I am using PCA to reduce documents to 2 points so I can visualise them. My method looks like this.
pipeline = Pipeline([('tfidf', TfidfVectorizer())])
X = pipeline.fit_transform(sent_list).todense()
pca = PCA(n_components = 2).fit(X)
data2D = pca.fit_transform(X)
Then I am plotting them using matplotlib plt.scatter(data2D[:,0], data2D[:,1], c = label_colour)

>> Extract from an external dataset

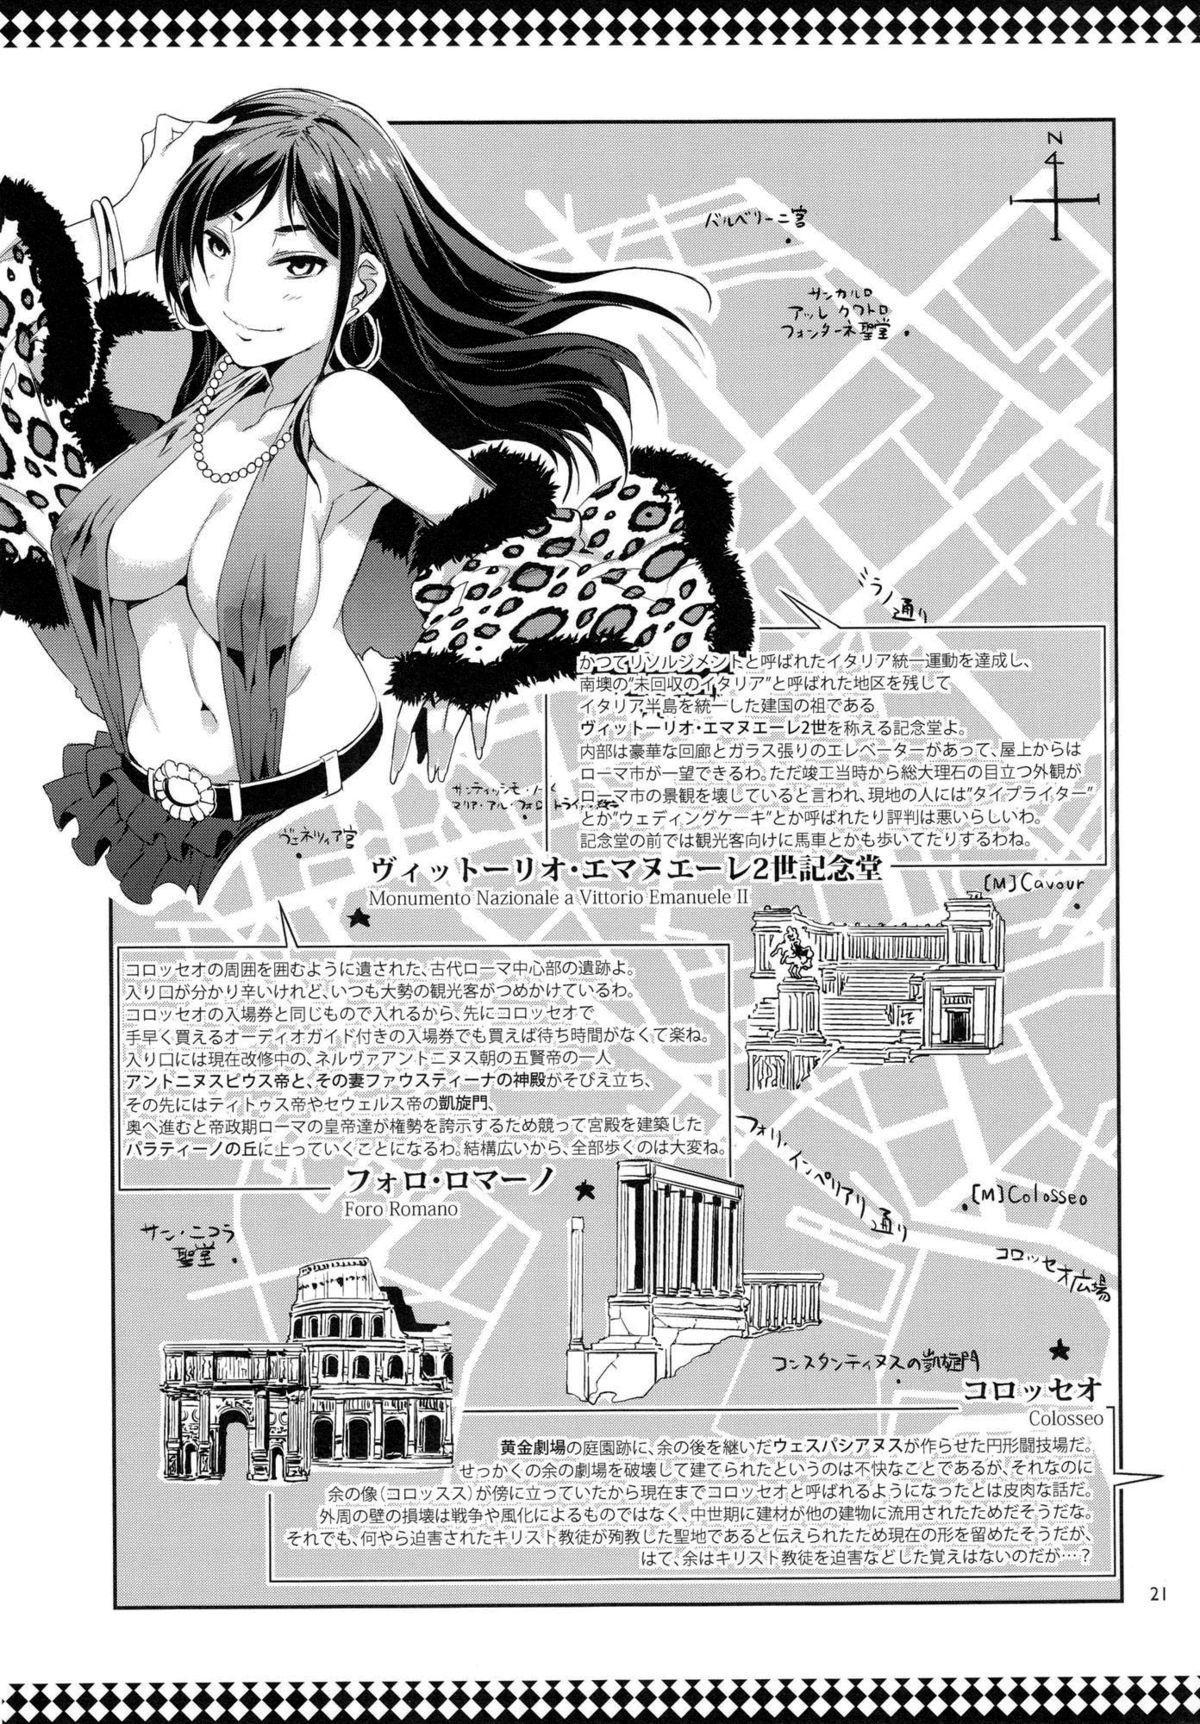 (C81) [Alice no Takarabako (Mizuryu Kei)] Maria-sama ga Miteru Baishun 5 - Fare L'amore (Maria-sama ga Miteru) [English] {doujin-moe.us} 20

I want to add 2 new points and see where they fall in the model. TO date I included the initial points in the training data at the end and plotted an X over the last two positions in the array, but I am not sure if this is a true reflection of their value. Any insight would be great.
Both TfidfVectorizer
and PCA
retain the order of rows after the transformation, so what you are doing seems essentially correct (i.e. the last rows in the sent_list
are mapped to the last rows in the data2D
array).
However, if the new data points should not affect the model, you should first fit the model with the original data and then transform the new data with the already fitted model. For example:
# Fit the model with original data
vect = TfidfVectorizer()
X = vect.fit_transform(sent_list)
svd = TruncatedSVD(n_components = 2)
data2D = svd.fit_transform(X)
# Transform new data with fitted model
X_new = vect.transform(new_data)
data2D_new = svd.transform(X_new)
For performance reasons, it is probably better to use TruncatedSVD
for sparse matrices instead of densifying the data and applying PCA
. The results should be identical.